A reinvigorated Boral stands to deliver more for Seven, but the question is whether smaller shareholders will want to come along for the ride.

Ryan Stokes, CEO of Seven Group Holdings Limited, is bidding to take Boral wholly private. Picture: Britta Campion
Ryan Stokes, CEO of Seven Group Holdings Limited, is bidding to take Boral wholly private.
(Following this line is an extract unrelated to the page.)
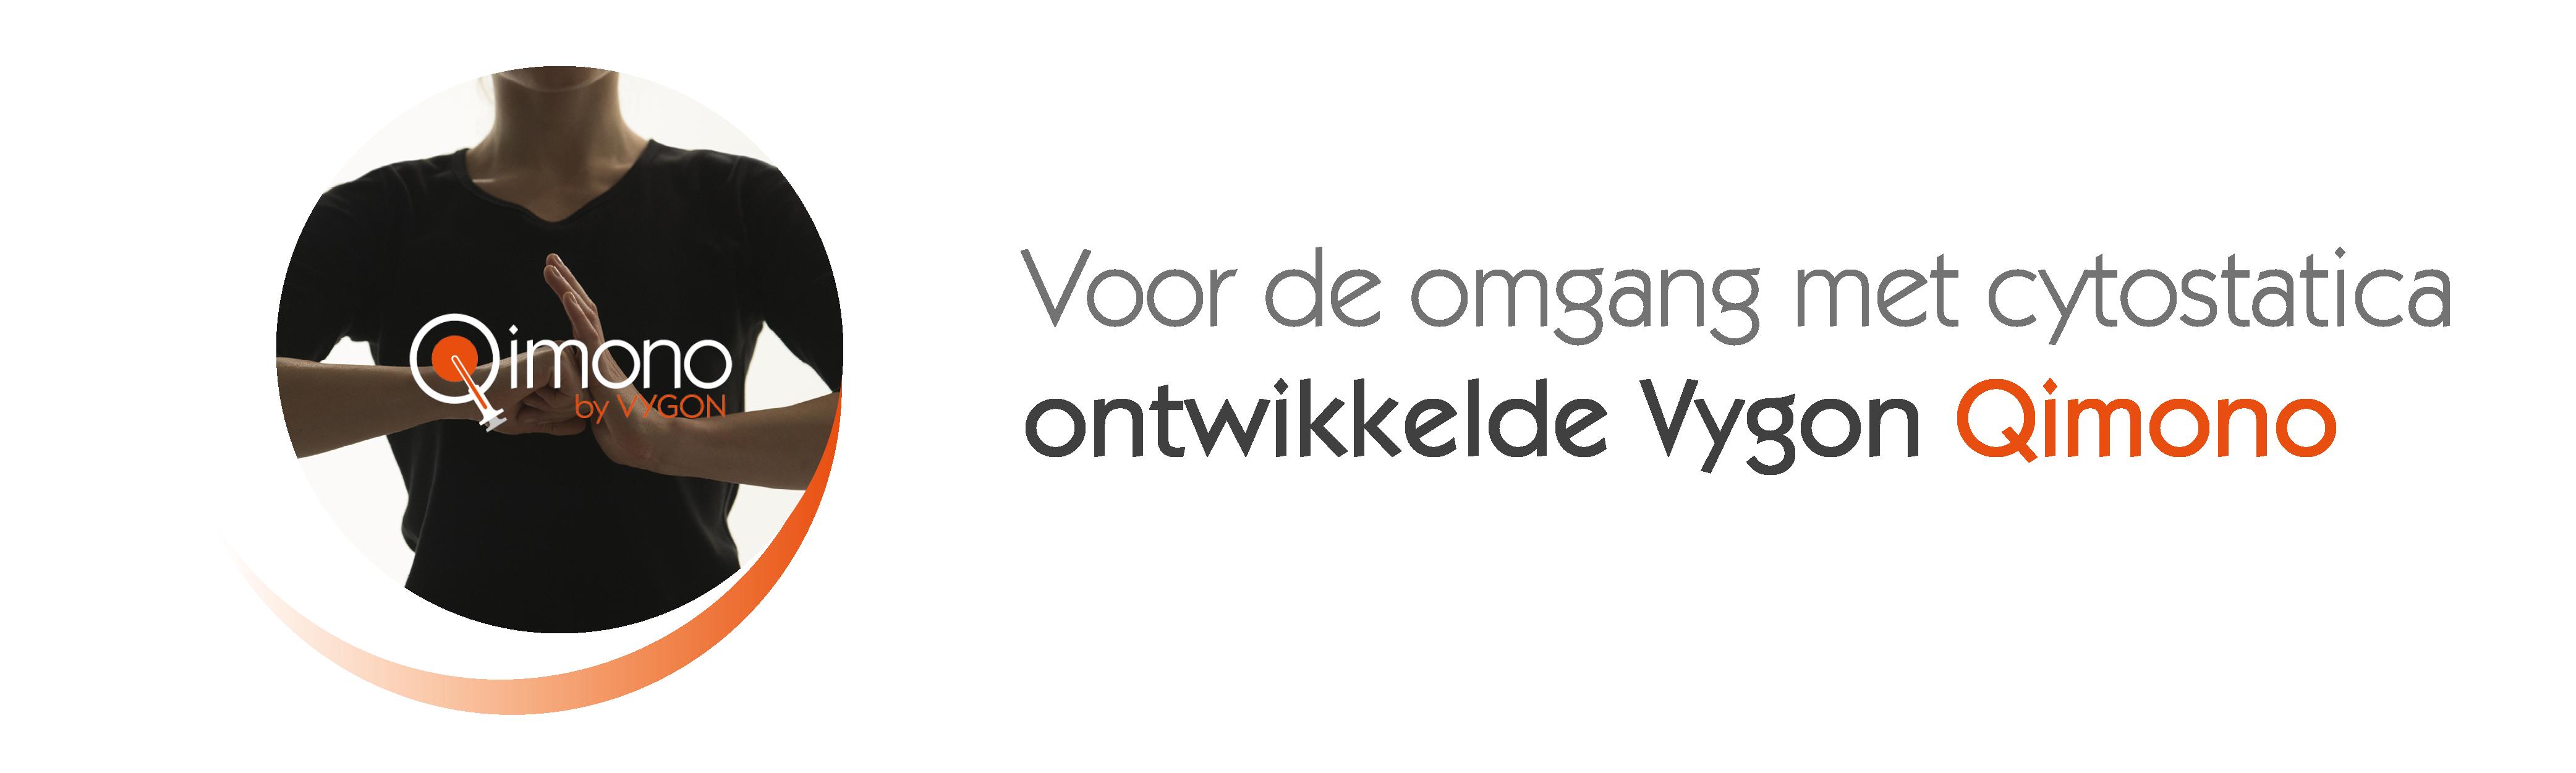 VY16018 - Slider Homepage Qimono (26.01.2016)

Picture: Britta Campion

Ryan Stokes is firmly in the driver’s seat in his long-running move to secure Boral, although this time he is leaving little for chance in the $3.1bn play to mop up minority holders of the cement and asphalt play.

Stokes has to pay up to buy out the remaining 28.4 per cent, in a move that speaks volumes about the evolution of his industrial conglomerate Seven since he made an audacious bid for control of Boral three years ago.

That earlier campaign topped out at 70 per cent and delivered Stokes the Boral chair, and he has since used his majority holding to put his mark on the long-underperforming company, from installing his hand-picked chief executive Vik Bansal to exiting marginal businesses.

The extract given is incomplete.